Prompt –
From the data below, return the exact lines starting at the line containing "Velveeta Mac And" and ending at the line containing "Ver La Monja", both included, and nothing else.

Information given –

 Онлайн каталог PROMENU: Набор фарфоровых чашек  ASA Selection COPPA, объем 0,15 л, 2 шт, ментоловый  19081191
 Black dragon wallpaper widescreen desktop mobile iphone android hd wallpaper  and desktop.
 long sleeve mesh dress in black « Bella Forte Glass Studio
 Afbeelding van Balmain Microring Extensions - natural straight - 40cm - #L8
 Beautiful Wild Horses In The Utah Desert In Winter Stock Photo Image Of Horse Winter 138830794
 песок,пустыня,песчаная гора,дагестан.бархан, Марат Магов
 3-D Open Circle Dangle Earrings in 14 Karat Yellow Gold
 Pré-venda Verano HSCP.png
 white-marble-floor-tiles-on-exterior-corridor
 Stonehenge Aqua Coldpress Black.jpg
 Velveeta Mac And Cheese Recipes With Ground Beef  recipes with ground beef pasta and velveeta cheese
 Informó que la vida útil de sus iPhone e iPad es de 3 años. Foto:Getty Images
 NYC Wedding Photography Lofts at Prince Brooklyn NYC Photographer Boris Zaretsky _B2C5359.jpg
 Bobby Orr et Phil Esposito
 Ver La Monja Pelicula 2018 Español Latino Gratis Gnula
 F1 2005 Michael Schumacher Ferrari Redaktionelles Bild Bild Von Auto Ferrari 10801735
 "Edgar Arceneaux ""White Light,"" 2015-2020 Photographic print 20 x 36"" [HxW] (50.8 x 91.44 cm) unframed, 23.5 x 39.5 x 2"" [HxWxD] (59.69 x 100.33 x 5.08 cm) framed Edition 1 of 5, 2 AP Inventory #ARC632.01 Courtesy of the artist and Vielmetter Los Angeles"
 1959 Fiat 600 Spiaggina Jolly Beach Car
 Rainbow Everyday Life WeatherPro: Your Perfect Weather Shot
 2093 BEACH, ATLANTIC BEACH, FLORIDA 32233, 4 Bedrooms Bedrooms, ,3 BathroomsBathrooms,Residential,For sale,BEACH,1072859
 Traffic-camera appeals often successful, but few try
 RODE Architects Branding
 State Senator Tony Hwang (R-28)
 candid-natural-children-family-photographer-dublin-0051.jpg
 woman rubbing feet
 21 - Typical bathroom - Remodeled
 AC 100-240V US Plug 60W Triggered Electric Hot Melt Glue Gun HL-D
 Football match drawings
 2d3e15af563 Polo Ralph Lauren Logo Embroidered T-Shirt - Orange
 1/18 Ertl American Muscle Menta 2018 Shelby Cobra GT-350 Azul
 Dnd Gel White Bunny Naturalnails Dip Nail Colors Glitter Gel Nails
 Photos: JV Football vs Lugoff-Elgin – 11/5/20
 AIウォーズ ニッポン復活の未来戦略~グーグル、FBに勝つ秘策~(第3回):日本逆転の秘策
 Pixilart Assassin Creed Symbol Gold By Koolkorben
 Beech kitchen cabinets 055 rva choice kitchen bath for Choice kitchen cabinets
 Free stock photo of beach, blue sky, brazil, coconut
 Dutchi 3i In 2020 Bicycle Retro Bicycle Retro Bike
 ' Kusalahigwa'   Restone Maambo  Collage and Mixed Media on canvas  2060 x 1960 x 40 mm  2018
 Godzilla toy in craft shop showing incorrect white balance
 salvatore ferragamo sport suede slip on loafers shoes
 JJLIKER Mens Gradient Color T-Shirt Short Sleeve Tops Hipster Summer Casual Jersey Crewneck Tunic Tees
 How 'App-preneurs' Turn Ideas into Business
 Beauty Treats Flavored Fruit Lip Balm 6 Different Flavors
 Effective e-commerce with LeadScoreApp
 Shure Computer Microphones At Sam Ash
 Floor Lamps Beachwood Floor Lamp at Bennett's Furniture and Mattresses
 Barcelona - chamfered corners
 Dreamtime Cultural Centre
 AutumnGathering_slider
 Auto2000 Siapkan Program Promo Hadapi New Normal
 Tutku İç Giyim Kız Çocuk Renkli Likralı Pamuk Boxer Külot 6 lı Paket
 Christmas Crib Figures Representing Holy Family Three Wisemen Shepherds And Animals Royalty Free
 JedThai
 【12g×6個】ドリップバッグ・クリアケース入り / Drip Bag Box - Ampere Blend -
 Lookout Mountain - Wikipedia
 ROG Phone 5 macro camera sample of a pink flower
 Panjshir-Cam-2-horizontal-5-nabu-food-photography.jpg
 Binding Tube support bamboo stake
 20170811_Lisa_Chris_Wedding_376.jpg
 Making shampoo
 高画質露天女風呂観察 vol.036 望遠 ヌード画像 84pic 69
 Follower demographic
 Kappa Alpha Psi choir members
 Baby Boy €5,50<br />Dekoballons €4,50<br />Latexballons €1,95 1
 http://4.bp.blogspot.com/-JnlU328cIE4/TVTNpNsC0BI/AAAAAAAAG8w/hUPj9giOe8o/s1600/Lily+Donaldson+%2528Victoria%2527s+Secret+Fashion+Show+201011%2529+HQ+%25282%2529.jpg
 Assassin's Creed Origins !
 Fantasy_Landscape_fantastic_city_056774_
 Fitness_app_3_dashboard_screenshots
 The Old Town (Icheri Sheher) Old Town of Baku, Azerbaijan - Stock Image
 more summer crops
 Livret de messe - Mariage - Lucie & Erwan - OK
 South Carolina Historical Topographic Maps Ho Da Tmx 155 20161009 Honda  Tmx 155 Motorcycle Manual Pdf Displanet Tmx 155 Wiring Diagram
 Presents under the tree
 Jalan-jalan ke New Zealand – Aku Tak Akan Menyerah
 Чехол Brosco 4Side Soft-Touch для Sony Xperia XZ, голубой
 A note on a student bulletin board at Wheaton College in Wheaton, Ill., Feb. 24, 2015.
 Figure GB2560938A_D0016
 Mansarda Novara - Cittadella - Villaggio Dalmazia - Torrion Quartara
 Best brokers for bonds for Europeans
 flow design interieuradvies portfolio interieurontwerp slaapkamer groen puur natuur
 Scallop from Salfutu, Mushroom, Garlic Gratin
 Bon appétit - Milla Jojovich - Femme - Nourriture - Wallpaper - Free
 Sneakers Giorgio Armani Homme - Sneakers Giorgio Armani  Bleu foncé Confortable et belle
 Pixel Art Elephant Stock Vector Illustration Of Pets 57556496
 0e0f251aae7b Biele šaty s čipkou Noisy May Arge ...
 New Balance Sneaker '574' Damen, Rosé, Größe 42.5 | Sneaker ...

Output of the exercise –
 Velveeta Mac And Cheese Recipes With Ground Beef  recipes with ground beef pasta and velveeta cheese
 Informó que la vida útil de sus iPhone e iPad es de 3 años. Foto:Getty Images
 NYC Wedding Photography Lofts at Prince Brooklyn NYC Photographer Boris Zaretsky _B2C5359.jpg
 Bobby Orr et Phil Esposito
 Ver La Monja Pelicula 2018 Español Latino Gratis Gnula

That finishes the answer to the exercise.